▸ Directions: Leaving the images aside, transcribe all the data below exactly.

▸ The data:
----------------

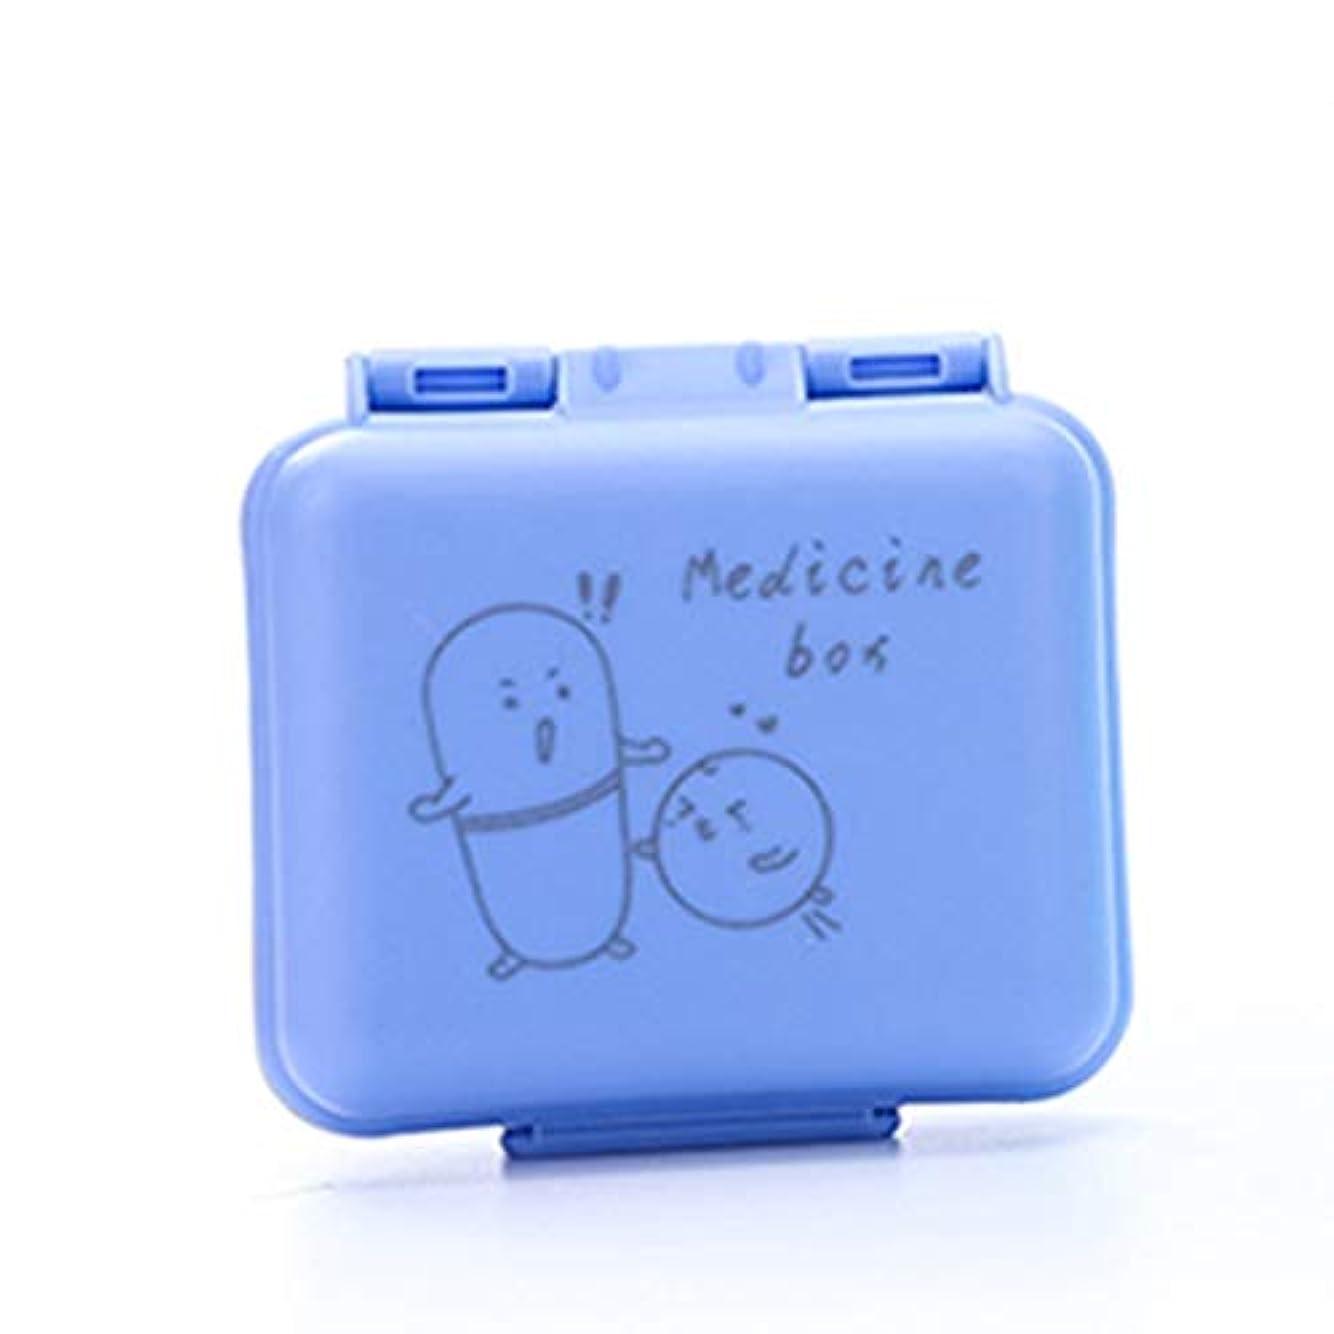 自殺引き出す赤字ポータブルトラベルピルボックス1週間ポータブルミニピル薬箱いっぱい丸薬小さな調剤箱ピルボックス 薬箱 (Color : Blue, Size : 7.2cm×7.6cm×3cm)
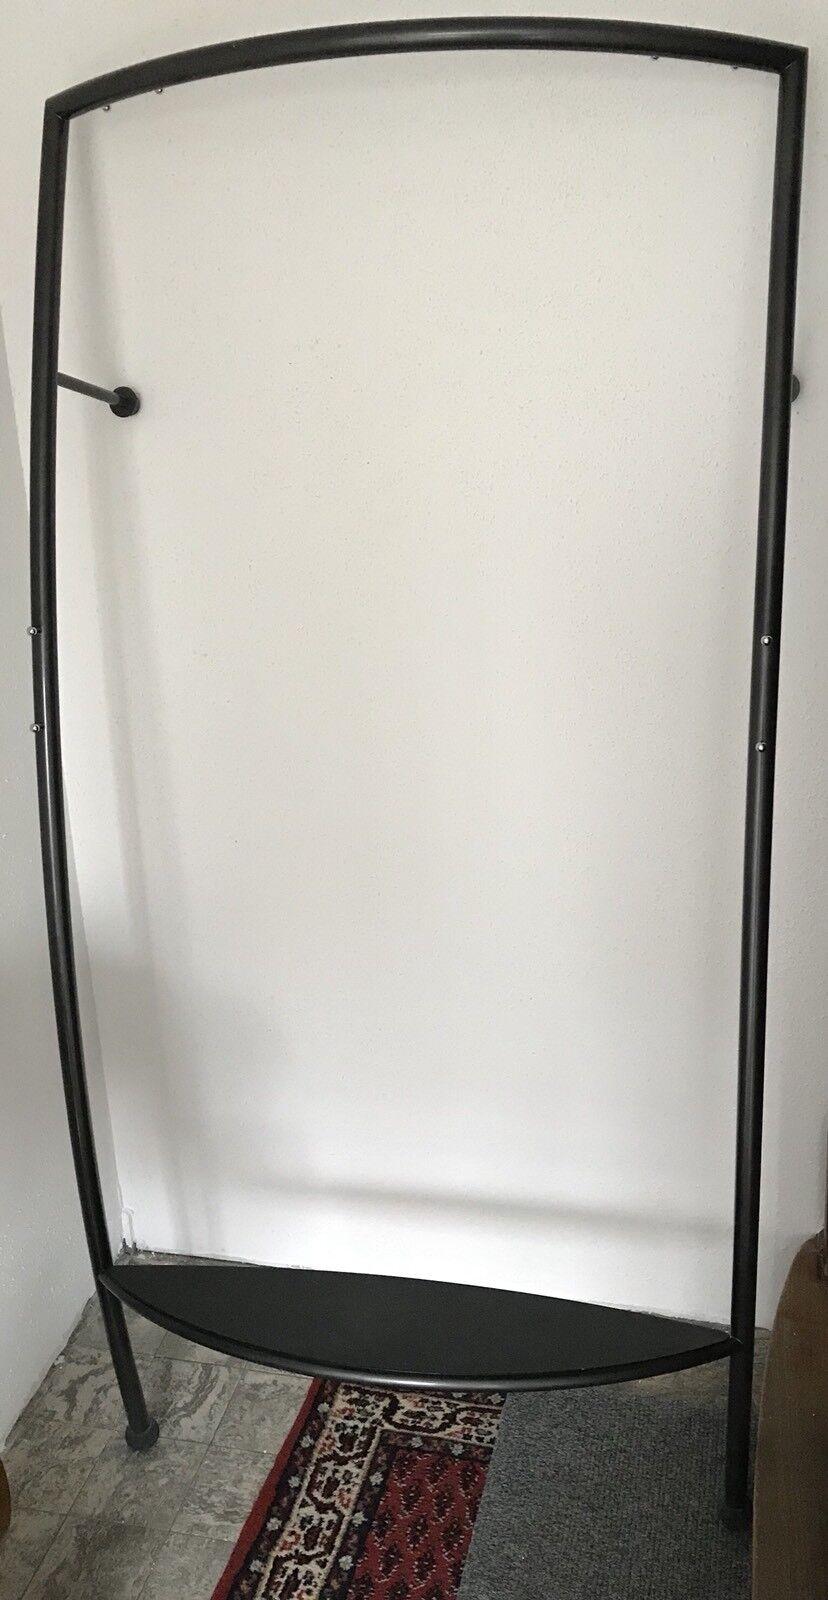 Gaderobe   Wandgaderobe 92x31x184 schwarz grau | | | Ich kann es nicht ablegen  6bfab4
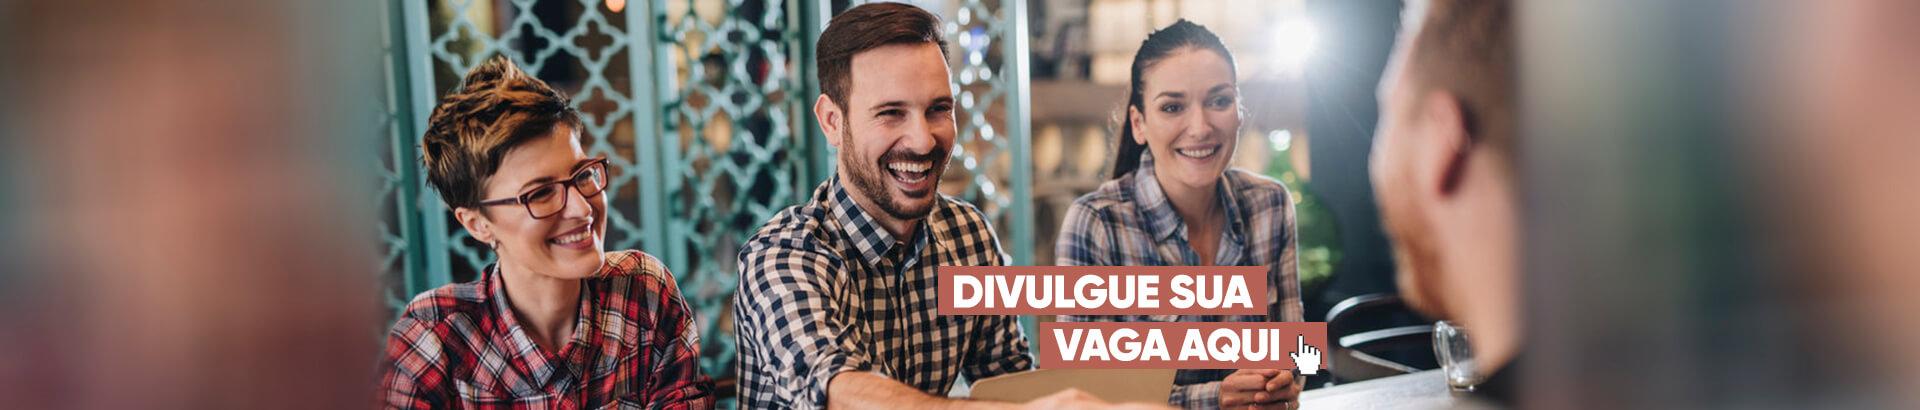 Banner Rotativo Desktop Divulgue sua vaga aqui

----------------

▸ Answer space:
 自殺引き出す赤字ポータブルトラベルピルボックス1週間ポータブルミニピル薬箱いっぱい丸薬小さな調剤箱ピルボックス 薬箱 (Color : Blue, Size : 7.2cm×7.6cm×3cm)
 Gaderobe   Wandgaderobe 92x31x184 schwarz grau | | | Ich kann es nicht ablegen  6bfab4
 Banner Rotativo Desktop Divulgue sua vaga aqui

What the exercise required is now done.